▶ [Requirement] Everything from the line containing "For the following" to the final line of the records below should be given again exactly, and nothing else.

▶ [The input]
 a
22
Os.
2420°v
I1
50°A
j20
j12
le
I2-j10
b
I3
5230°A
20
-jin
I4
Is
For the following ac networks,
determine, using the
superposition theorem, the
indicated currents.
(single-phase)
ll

▶ [Worked solution]
For the following ac networks,
determine, using the
superposition theorem, the
indicated currents.
(single-phase)
ll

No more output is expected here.